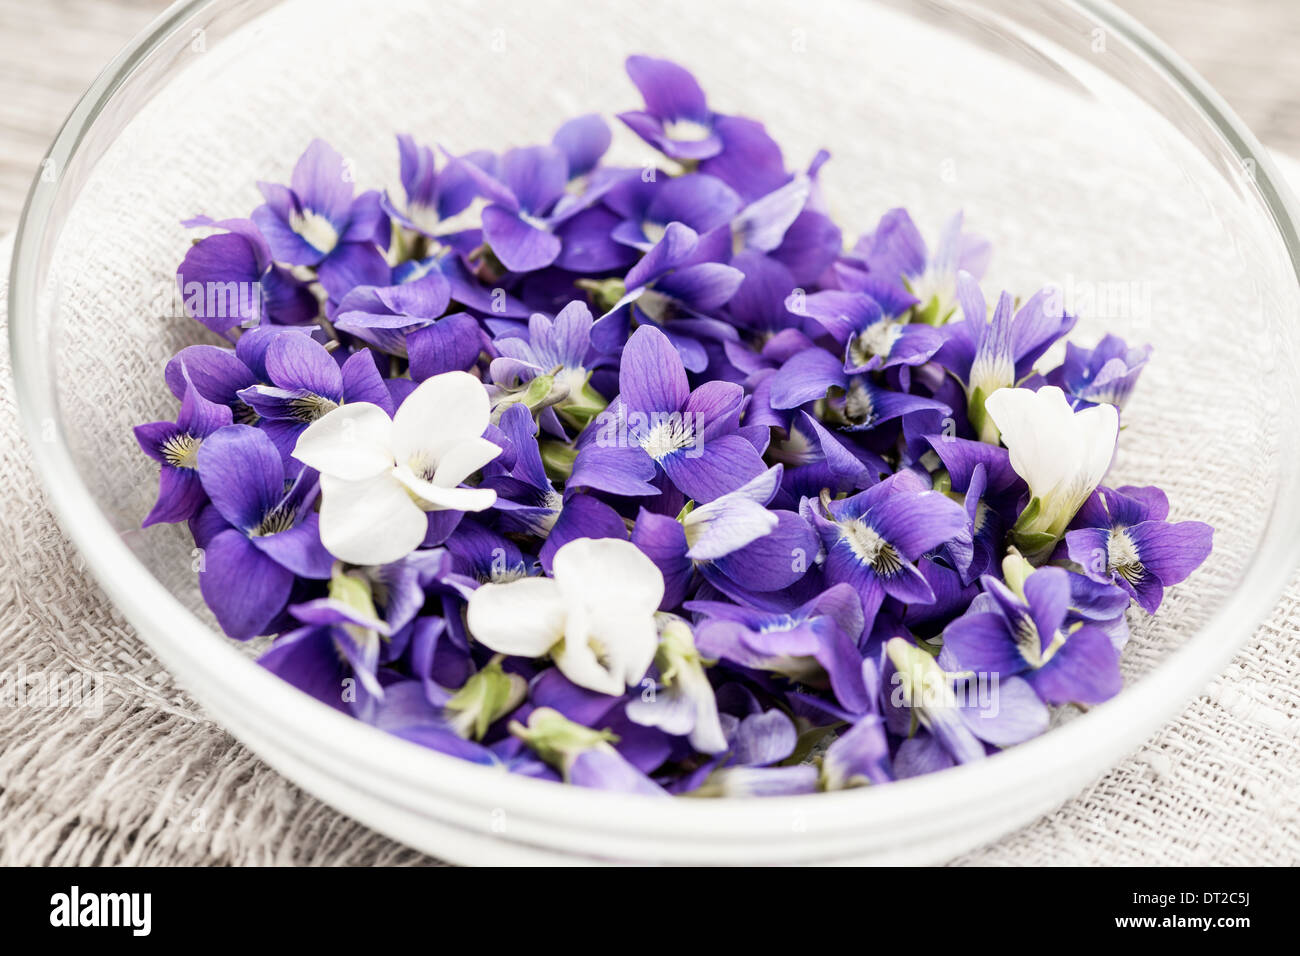 Sammelpflanzen essbare lila und weißen violetten Blüten in Schüssel Stockfoto
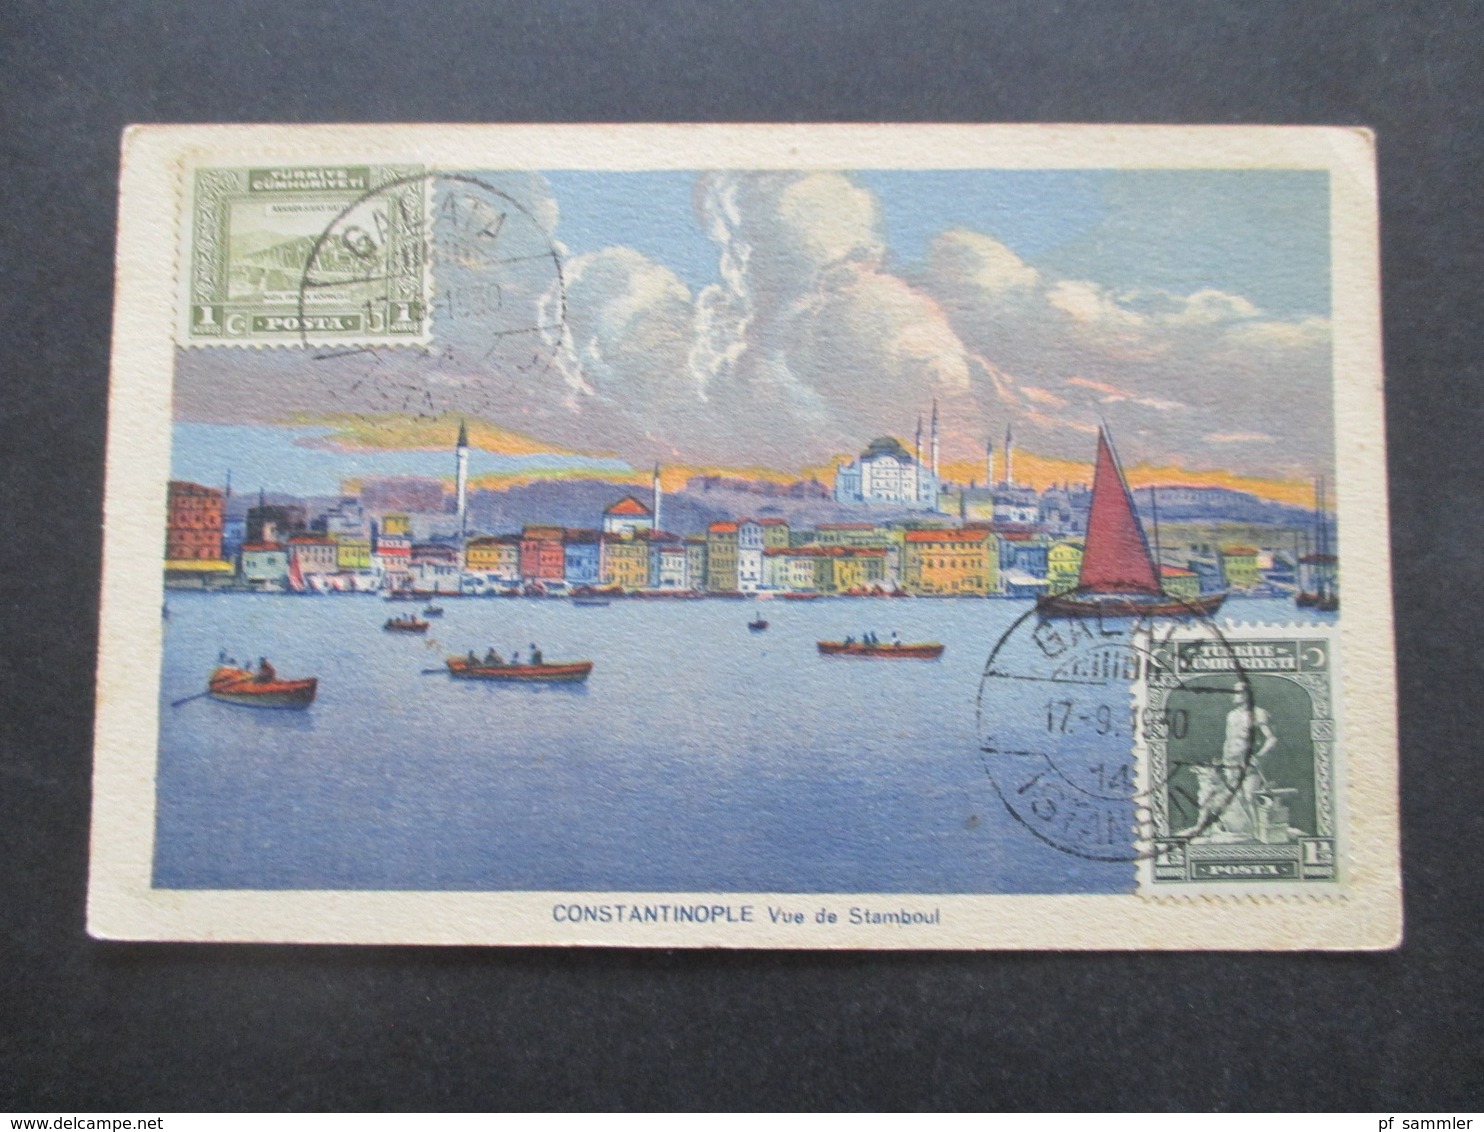 Türkei 1930 Bildseitig Frankierte AK Constantinople Vue De Stamboul Stempel Galata Nach Jugoslawien Gesendet - Briefe U. Dokumente
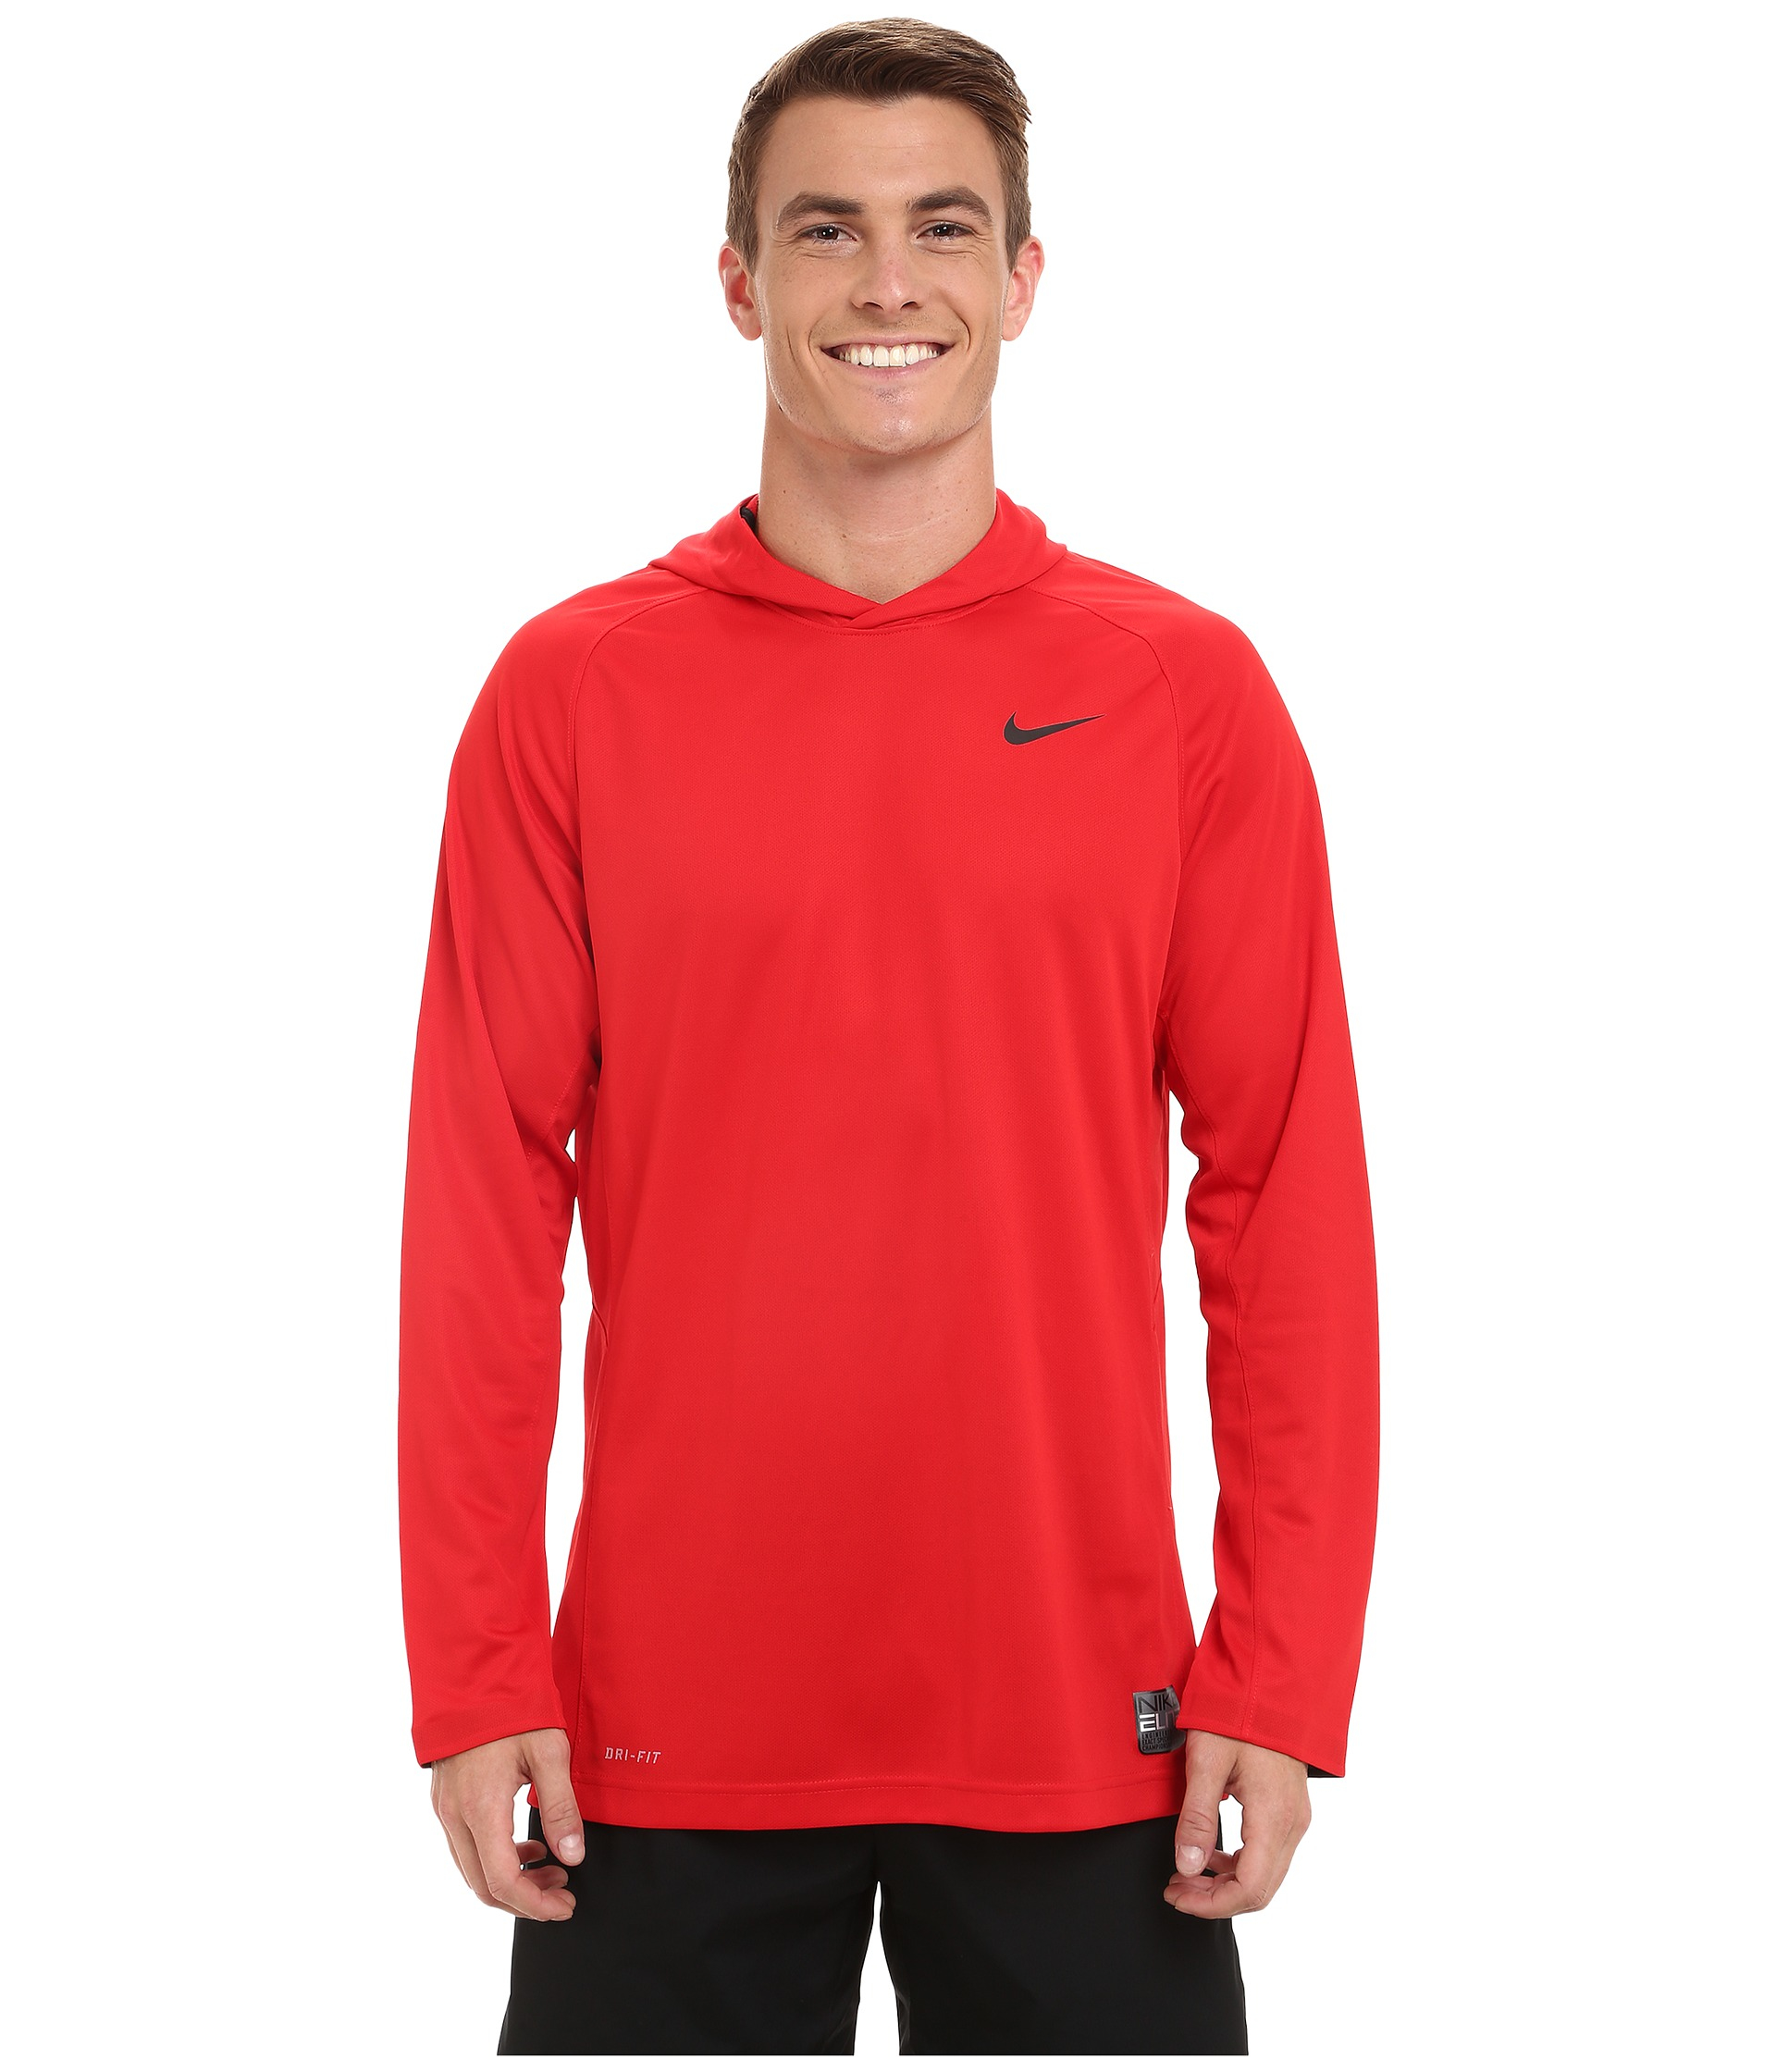 Nike Elite Hooded Shooter Shirt in Red for Men - Lyst

Task to complete
Copy nothing but the lines from the one containing "Türkei 1930 Bildseitig" through the last line of the listing above, transcribed exactly and with no pictures.

Answer box
 Türkei 1930 Bildseitig Frankierte AK Constantinople Vue De Stamboul Stempel Galata Nach Jugoslawien Gesendet - Briefe U. Dokumente
 Nike Elite Hooded Shooter Shirt in Red for Men - Lyst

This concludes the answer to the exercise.